Lord’s Prayer unites diverse Christians

On Easter Sunday, when 2 billion Christians around the world celebrate the resurrection of Jesus, many are reading, reciting and singing the Lord’s Prayer in hundreds of languages in houses of worship both modest and grand.

They may be Catholics or Protestants or Eastern Orthodox, theologically conservative or liberal or in between, but in this short prayer, Christians come together.

“The Lord’s Prayer really is the ‘creed’ that most connects the world’s Christians,” said theologian Frederick Dale Bruner, author of an acclaimed two-volume commentary on the Gospel of Matthew and an expert on the Lord’s Prayer.

“There is a sense of solidarity in knowing that Christians around the globe are praying together the prayer that was taught us by Christ himself,” said the Rev. Clayton Schmit, a professor of preaching at Fuller Theological Seminary in Pasadena, Calif., who has worshipped worldwide. “Even when Protestants and Catholics worship together, though much divides us theologically, these words always unite us.”

Lord’s Prayer

Also called the “Pater Noster” in Latin, or the “Our Father,” the Lord’s Prayer is found in two gospels: Matthew 6: 9-13 and Luke 11: 2-4.

In Luke, one disciple, citing John the Baptist, entreats Jesus to “teach us to pray as John taught his disciples.”

The commonly accepted version of the prayer comes from Matthew, translated from Aramaic, the language Jesus spoke, into Greek and later Latin. One of the most widely used English translations is from the King James Version.

Our Father which art in heaven,
Hallowed be thy name.
Thy kingdom come,
Thy will be done in earth, as it is
in heaven.
Give us this day our daily bread.
And forgive us our debts, as we
forgive our debtors.
And lead us not into temptation,
but deliver us from evil:
For thine is the kingdom, and the
power, and the glory, forever.
Amen.

Some biblical scholars believe that Jesus was influenced by the Talmud’s Kaddish, which begins with “Glorified and sanctified be God’s great name throughout the world, which he has created according to his will.” As the prayer ends, it says, “may he create peace for us and for all Israel; and say, Amen.”

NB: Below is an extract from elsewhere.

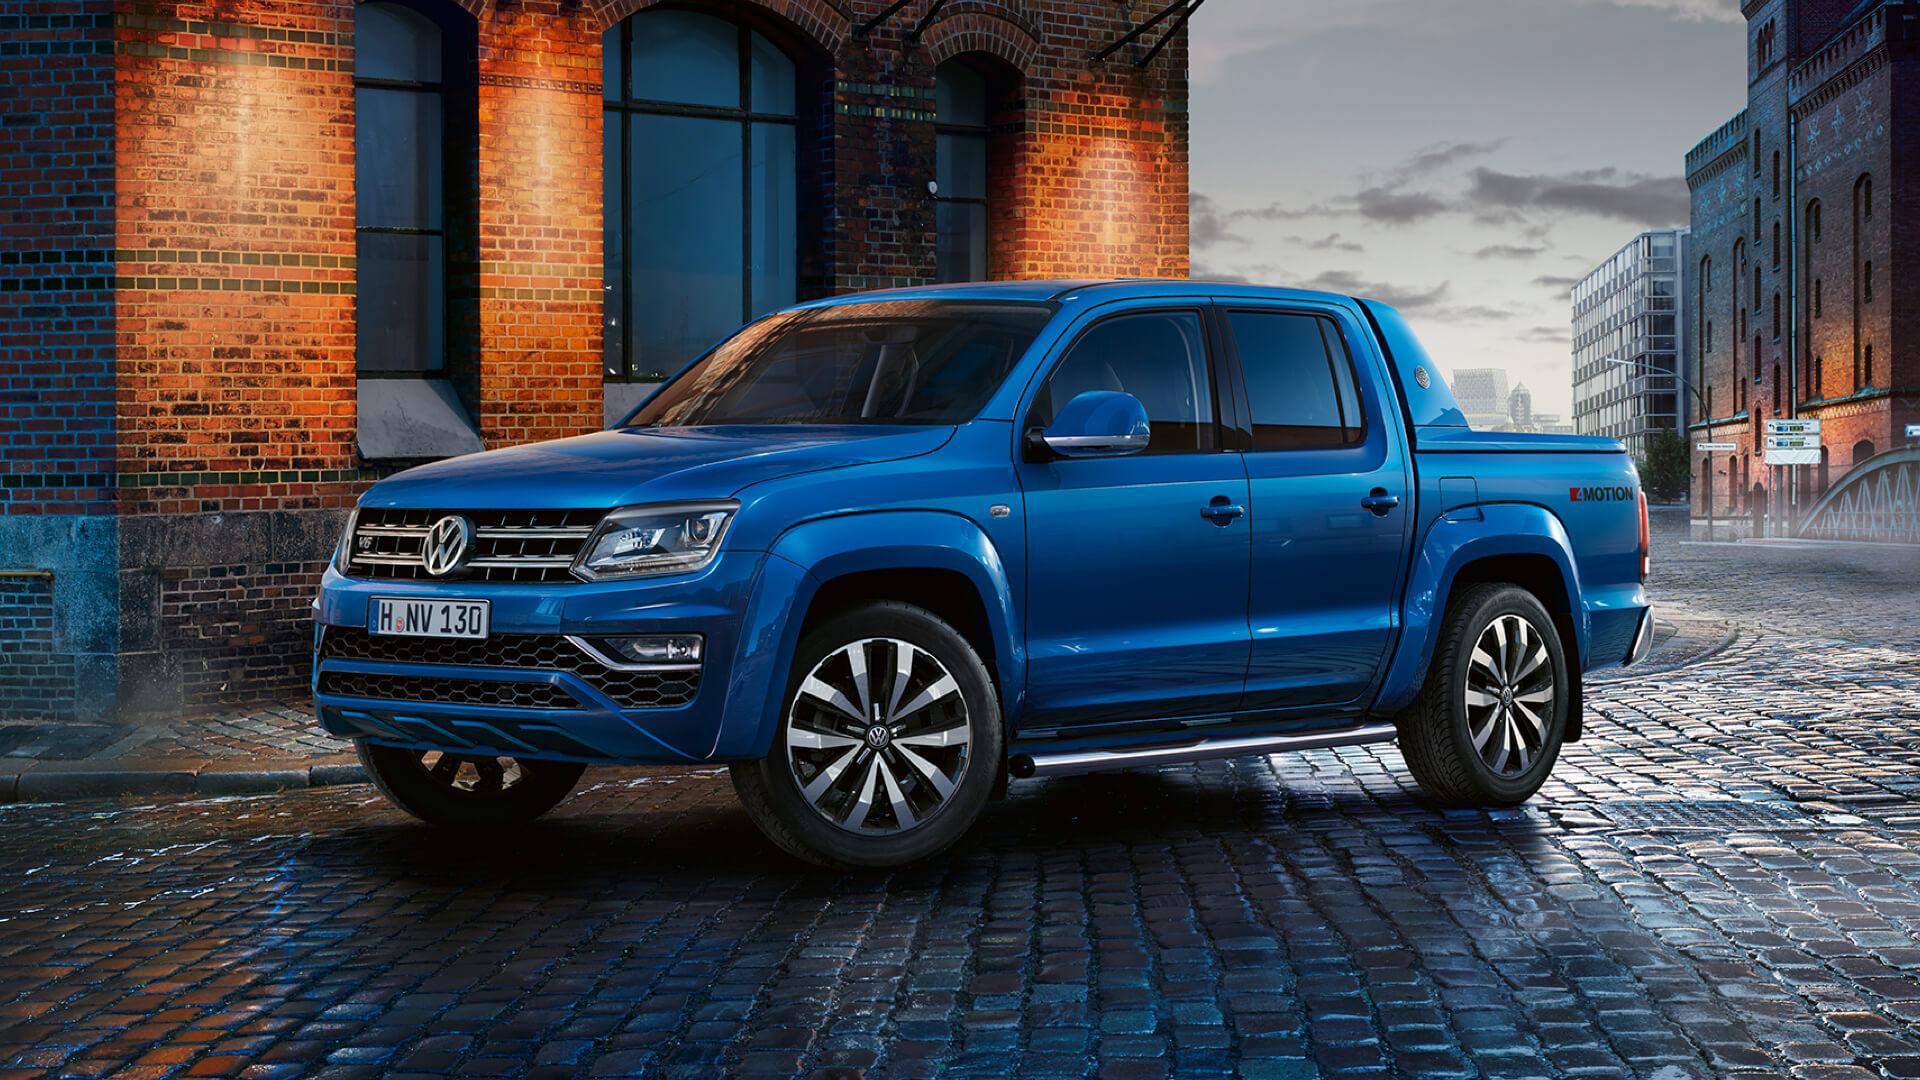 Сейчас Volkswagen не смотрит на саму компанию Jeep и не рассматривает поглощение Fiat Chrysler.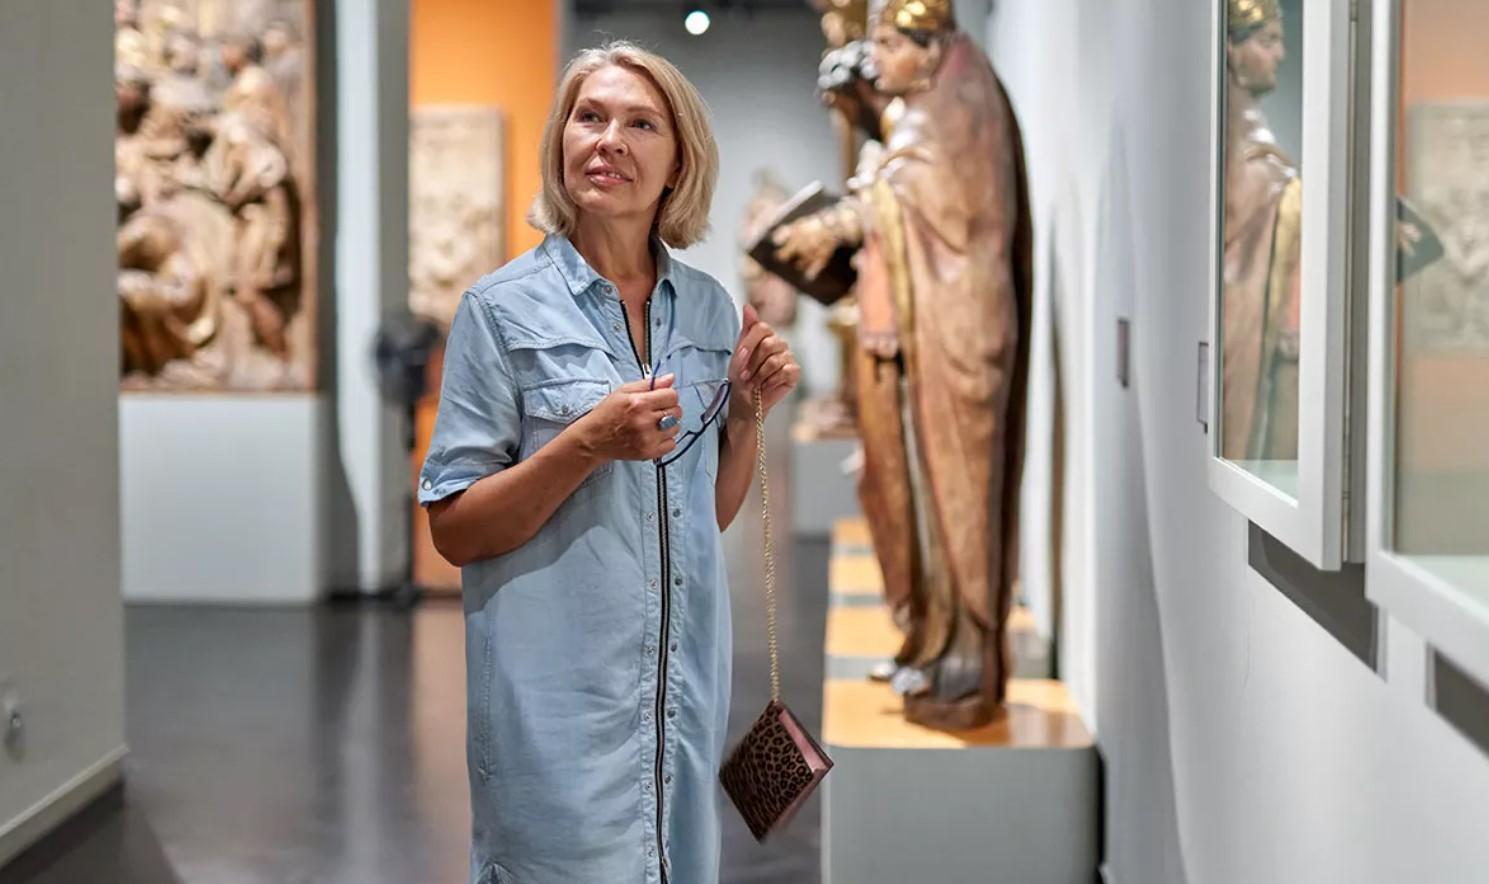 γυναίκα σε μουσείο

The Our Father exalts God as well, but Bruner says, “There is something miraculously simple, accessible, unsophisticated and earthy about Jesus’ dramatic abbreviation of the much longer synagogue prayers.”

‘The evil one’

Bruner observes in his Matthew commentary that “the prayer originally ended with the ominous words ‘the evil one.’ ” But early on it was felt that this ending was too abrupt and negative, so scribes added to Jesus’ rough ending the more polished “For thine is the kingdom” phrase.

That phrase is known as a doxology – a praise – and does not appear in Luke. Roman Catholics do not commonly use the doxology, though most Protestants do.

“I don’t blame the church for adding it to the original Greek text, which does not have this doxology and which Jesus did not teach,” Bruner said in an e-mail. “I think that the church didn’t want to have the prayer end with ‘the Evil One’ (the devil).”

Bruner says he prays this doxology in church “loyally.” But privately, “I use what Jesus taught and end (soberly!) with the prayer to be rescued from the Evil One. I think Jesus’ realism trumps the church’s prettifying here.”

Ending uncertainty

In his 20-page analysis of every word in the Lord’s Prayer in his Matthew commentary, Bruner says a major problem with prayer in general is uncertainty – the worshipper may be unsure what to say. By teaching the Lord’s Prayer, he said, Jesus gave his disciples clear instructions, while also showing that a short prayer can be as powerful as a long one.

The Lord’s Prayer is divided into two symmetrical parts, or “tables,” according to Bruner.

The first table has three petitions with the word “your” (or thy), and the second table contains three petitions with the word “our” or “us.”

Bruner says Jesus’ “greatest gift” to humans in the Lord’s Prayer “is giving them the right to call his Father by the address ‘our Father.'”

The Aramaic word used for “father” is also significant. Jesus chose “abba” – an intimate term, like “daddy,” Bruner said.

Schmit observed that some Protestant churches that used to include the Lord’s Prayer regularly in Sunday worship have taken to omitting it. The trend, and the omitting of other church creeds, distresses him.

“When we omit such things, we are missing the opportunity to speak words that are in harmony with all Christians of all places, even of all times,” he said.